It seemed from your description that the threads may be operating on alternate blocks of memory. At each boundary between threads, there may be cache lines of the shared arrays which must be fetched by both threads, or even modified by one while the other has accessed it, so you may get delays which you would like to minimize.
If your platform has any NonUniformMemory characteristics, assuming you use default OpenMP static scheduling, and set KMP_AFFINITY, you could give the OpenMP library a chance to distribute the memory assignments efficiently by using the same OpenMP parallel scheme for the first initialization of the global data as will be used in the bulk of the calculation. You may not spend enough time in "first touch" for parallelization to matter for performance at that stage, but it could gain later on, particularly if your platform has a NUMA option in the BIOS, and you select that option. On such platforms, the non-NUMA option is intended to slow down all memory accesses equally, removing much of the advantage of correct memory placement.

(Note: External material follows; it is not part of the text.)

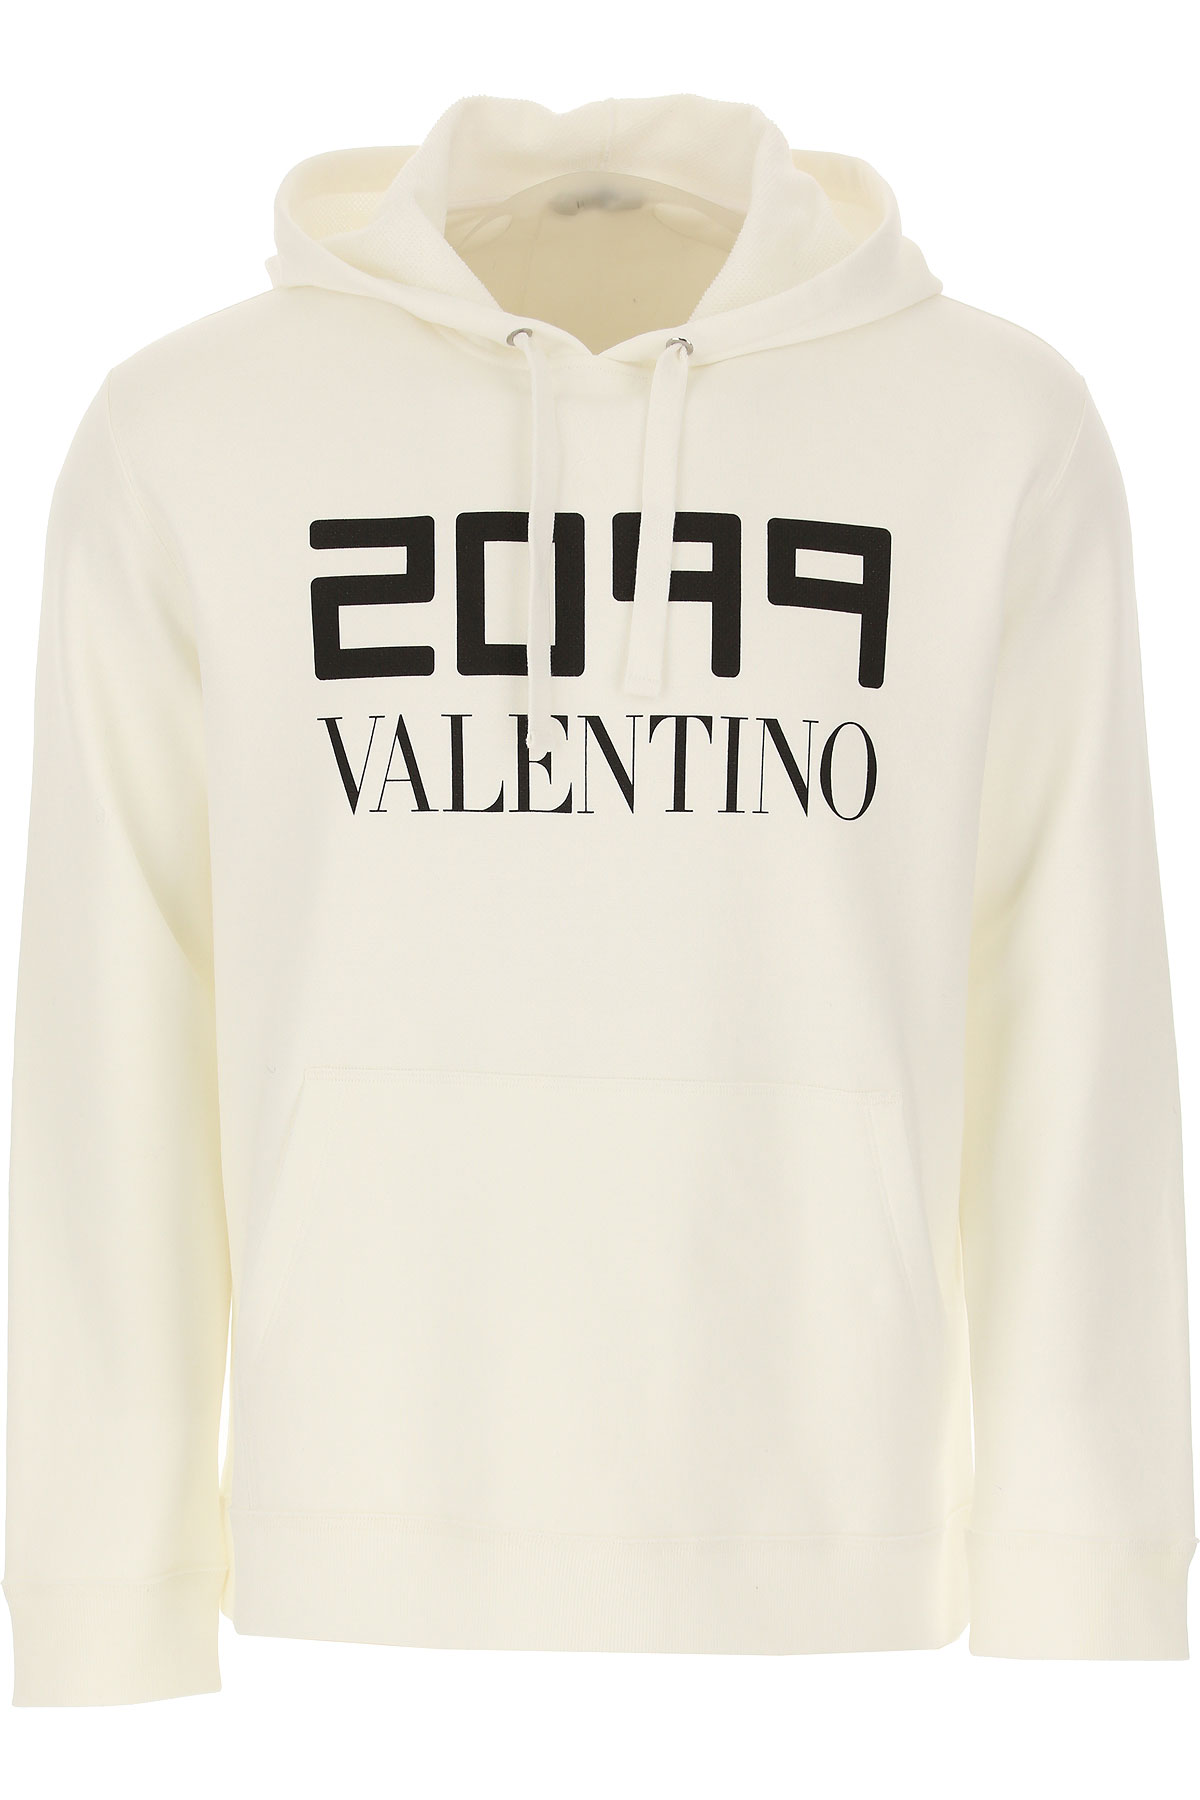 Valentino Sweatshirt für Herren, Kapuzenpulli, Hoodie, Sweats Günstig im Sale, Weiss, Baumwolle, 2017, L M

If you read the news, you may have seen that Intel will join the others in supporting primarily NUMA multi-socket platforms over the next month.
"At each boundary between threads, there may be cache lines of the shared arrays which must be fetched by both threads" I thought that the way I define the slices would avoid this. Am I wrong in thinking that, for example, in A(100,100,100) the memory locations of the block A(:,:,25) will be very remote from those in the block A(:,:,51)? If so I am more confused than I realised.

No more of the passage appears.